Victoriano Salado Álvarez nació en Teocaltiche, Jalisco, en 1867 y murió en la ciudad de México en 1931. Como otros intelectuales de su generación, que marcaron el puente generacional entre los siglos XIX y XX, Salado Álvarez dejó una extensísima obra que aún espera ser recopilada totalmente: millares de artículos en periódicos nacionales y estadunidenes y casi una docena de libros donde escribió los más diversos géneros, desde la crónica y la autobiografía hasta la filología y el cuento literario. Periodista y catedrático, Salado Álvarez fue miembro de la Academia de la Lengua, y posteriormente nombrado secretario perpetuo de la misma. Filólogo, historiador y escritor, también llevó a cabo una extensa vida política como diputado, senador y diplomático. A todo lo anterior, habrá que agregar que a él se debe, indirectamente, la fama de Mariano Azuela por la defensa que hizo Salado Álvarez de su novela, Los de abajo, y también se ha señalado el benéfico reconocimiento que hizo, desde uno de sus artículos periodísticos, a La sombra del caudillo, de Martín Luis Guzmán.
CINCO DE MAYO
Gordo, moreno, de ojos chiquitines, el pelo cortado a rape, el uniforme desabotonado, limpiándose el sudor con un gran pañuelo de hierbas y escribiendo con una pluma de barbas azules, estaba sentado a una mesa el capitán Ruiz, Manuel Ruiz, de la costa de Sotavento, cuando se le presentó Miguel Caballero en el Chinaco y acompañado de su escudero Romualdo Gómez.
Ruiz le vio desde la ventana de rejas y suspendió la comunicación que tenía empezada, que se encontraba cabalmente en el lema: Libertad y Reforma.
—Pase, amigo, y deje su caballo con ese soldado. ¿Trae recado del cuartel general, o viene de algún cuerpo?
—No, mi capitán —respondió el muchacho mirando a hurtadillas las charreteras del escribiente—; vengo de México; pertenezco al tercer ligero de Guanajuato y me adelanté un día al grueso de la gente para traer descansadamente a mi señora.

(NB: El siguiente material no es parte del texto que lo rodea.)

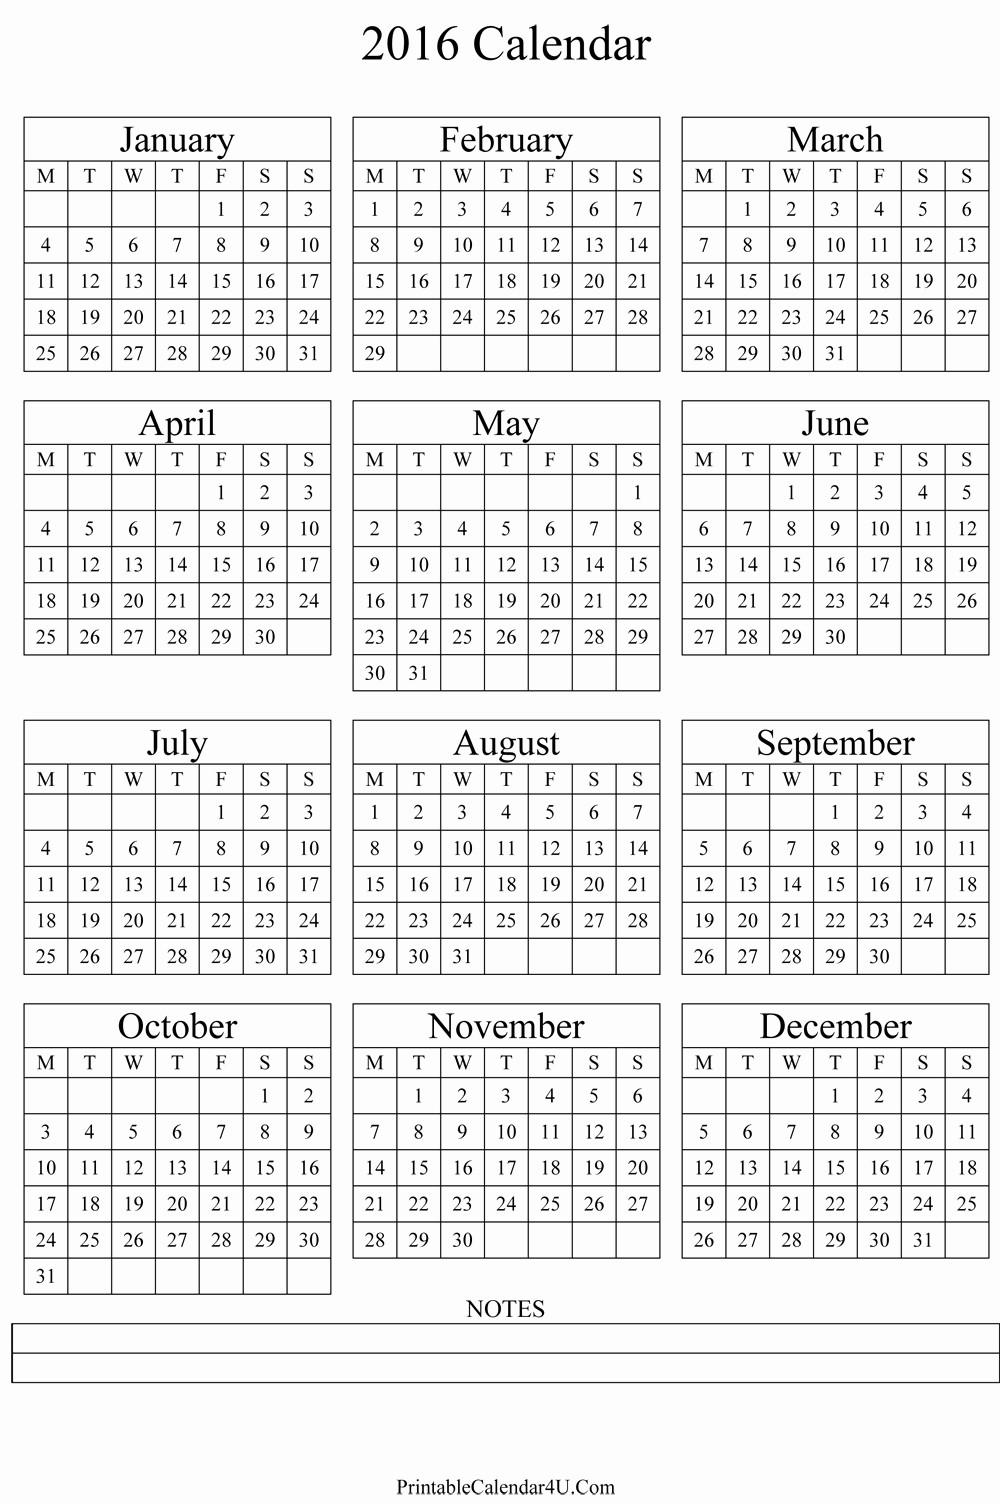 5 Year Calendar Starting 2016 Lovely Annual Calendar 2016 Portrait Printable Calendar 2019 2020

—¿Y cuándo llega esa tropa, que ya la aguardamos como agua de mayo?
—Hoy deben de haber salido y rendirán jornada en Ayotla; mañana llegarán a San Martín Texmelucan, y el 6 estarán aquí.
—A buena hora; pero en fin, peor es chile y agua lejos.
—Traía una carta del señor general Doblado para el señor Zaragoza y otra para el señor Tapia, y desearía poner los papeles en manos del general en jefe y del gobernador.
Y sacó dos cartas azules, sin sobre, dobladas sobre sí mismas y con un par de obleas verdes en cada nema.
El capitán dio vueltas a los papeles, leyó las cubiertas con todo espacio, y, golpeando los pliegos contra el dorso de la mano izquierda, subió el pie sobre la silla de tule y dijo negligentemente:
—Imposible hablarle al general; primero consigue usted una conferencia con el mismo Zaragoza… Pero, en fin, nada me cuesta llevar las cartitas.
Cogió los papeles, levantó una cortina de bayeta verde y entró a la pieza inmediata. A los diez minutos salió.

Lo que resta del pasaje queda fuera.